> [Dataset section]
>>
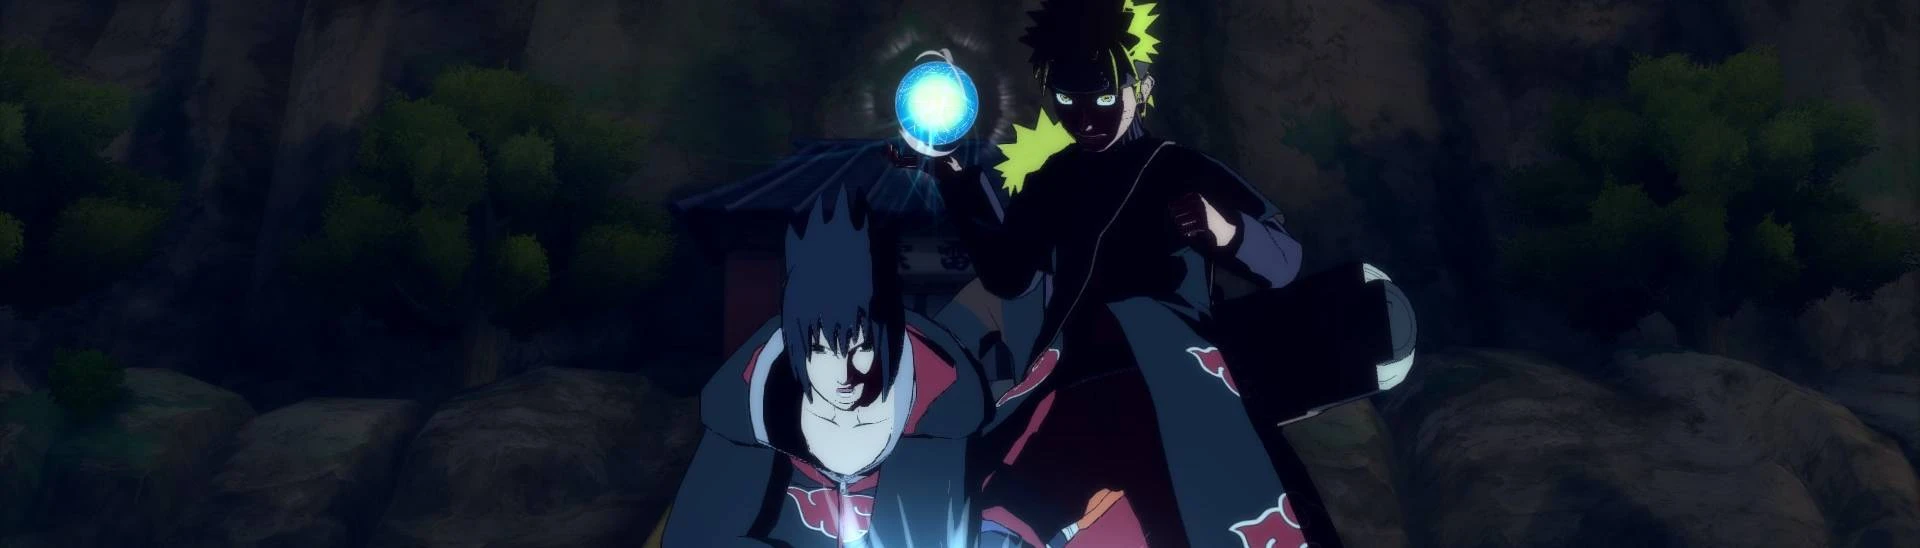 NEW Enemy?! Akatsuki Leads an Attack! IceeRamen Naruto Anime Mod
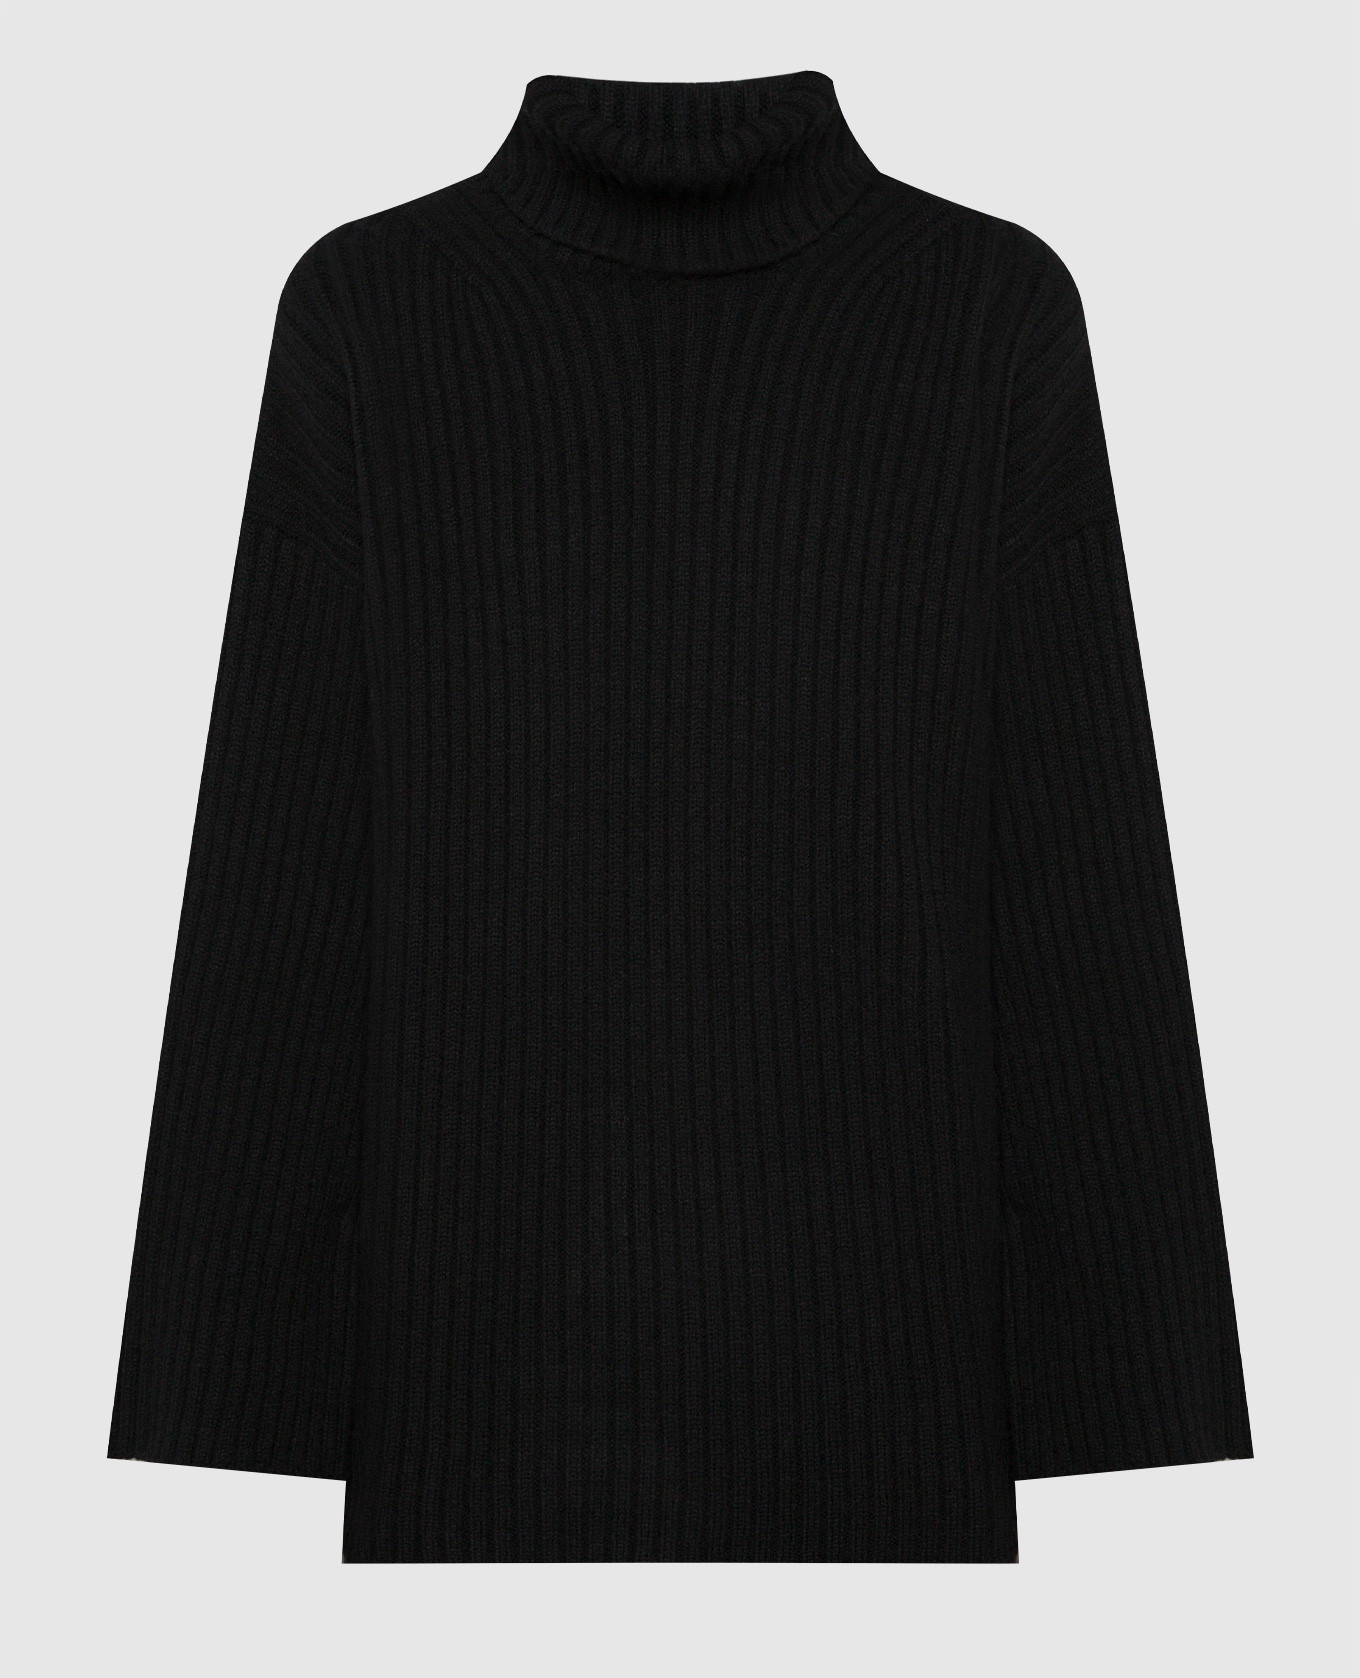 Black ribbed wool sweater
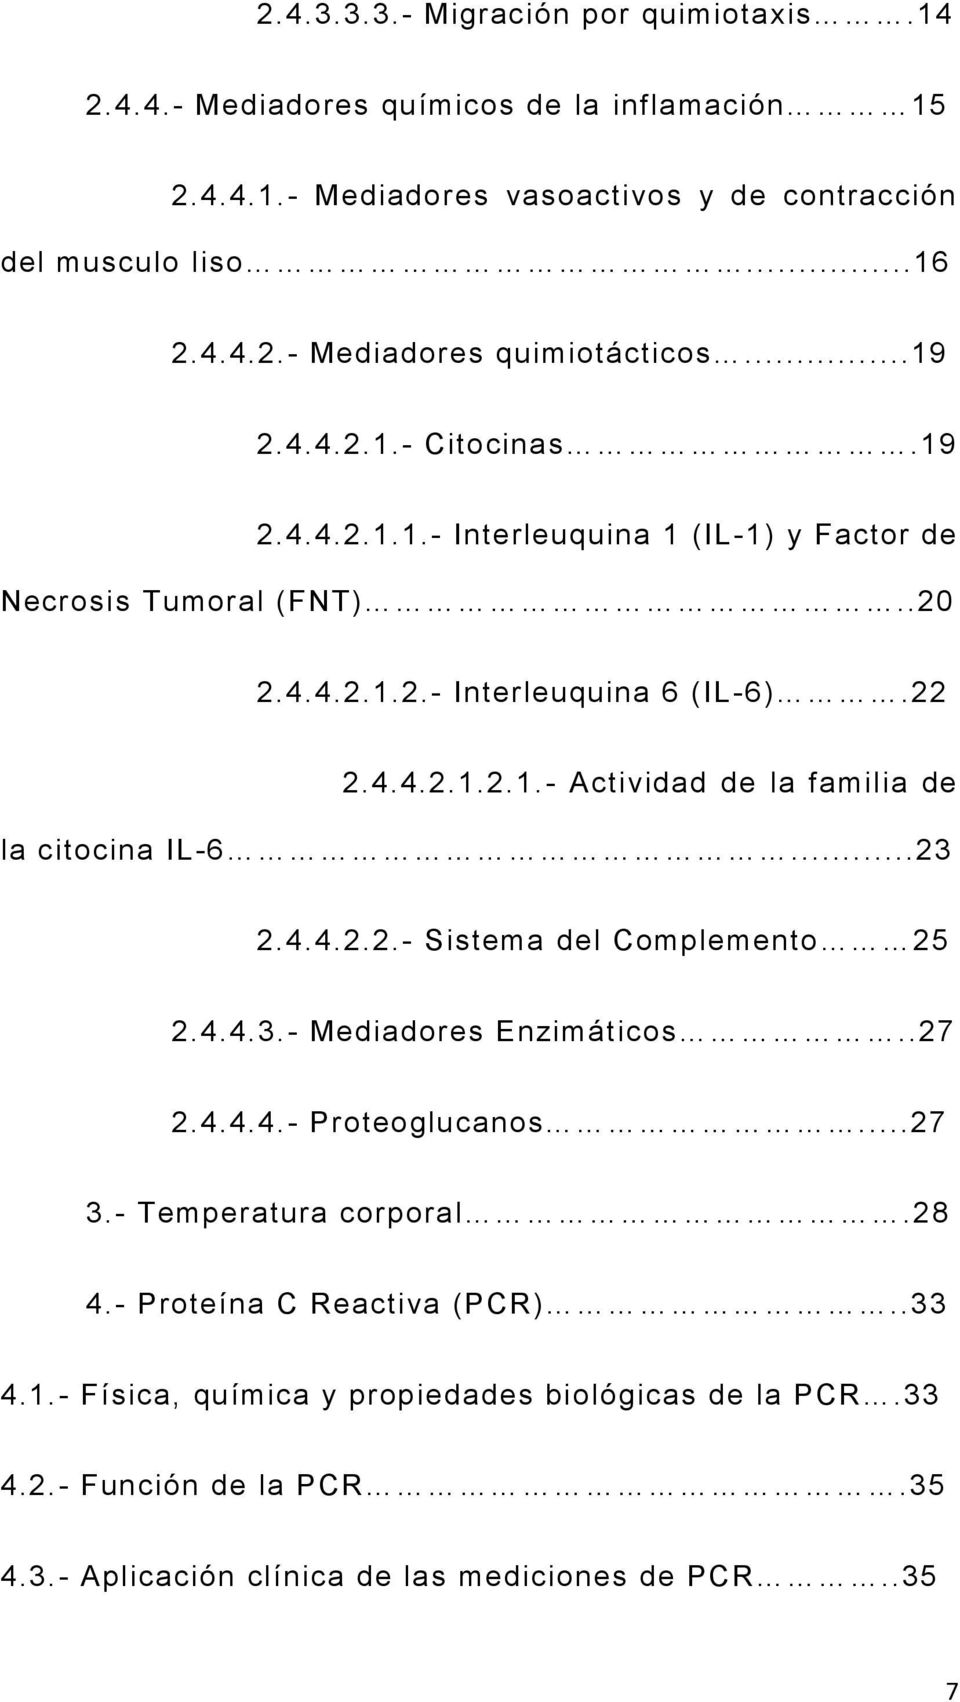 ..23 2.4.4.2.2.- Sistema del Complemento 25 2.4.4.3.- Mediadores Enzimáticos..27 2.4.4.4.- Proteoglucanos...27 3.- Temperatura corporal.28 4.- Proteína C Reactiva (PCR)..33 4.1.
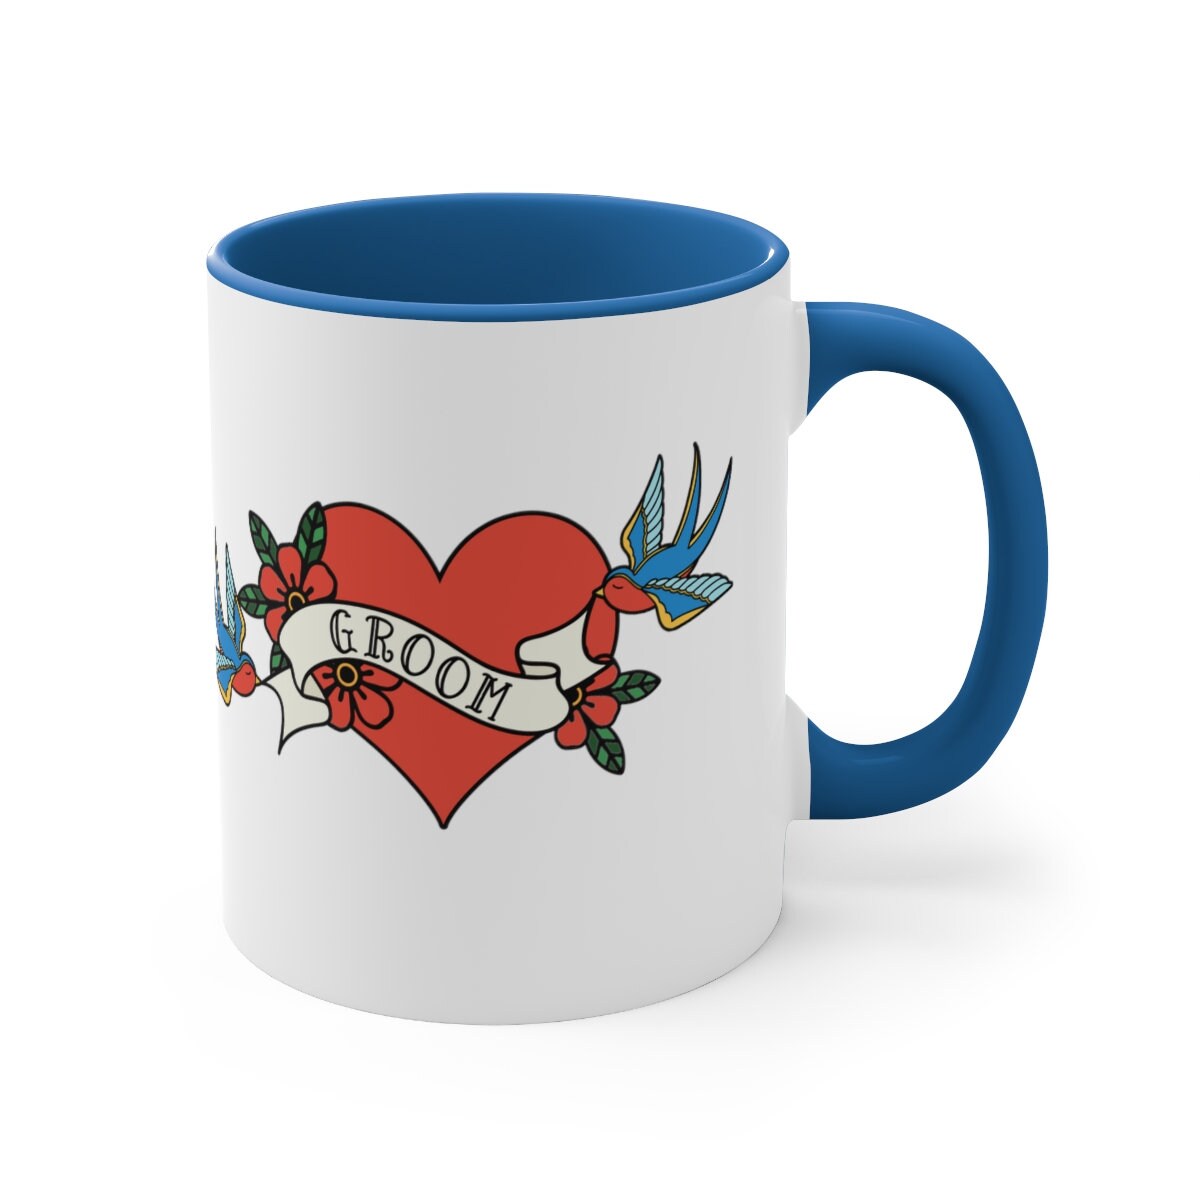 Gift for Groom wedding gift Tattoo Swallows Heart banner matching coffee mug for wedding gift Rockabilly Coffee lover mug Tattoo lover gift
<<
> [Requirement] Output the whole listing again, exactly, without its pictures.

> [Reply to the task]
 NEW Enemy?! Akatsuki Leads an Attack! IceeRamen Naruto Anime Mod
 Black ribbed wool sweater
 ..23 2.4.4.2.2.- Sistema del Complemento 25 2.4.4.3.- Mediadores Enzimáticos..27 2.4.4.4.- Proteoglucanos...27 3.- Temperatura corporal.28 4.- Proteína C Reactiva (PCR)..33 4.1.
 Gift for Groom wedding gift Tattoo Swallows Heart banner matching coffee mug for wedding gift Rockabilly Coffee lover mug Tattoo lover gift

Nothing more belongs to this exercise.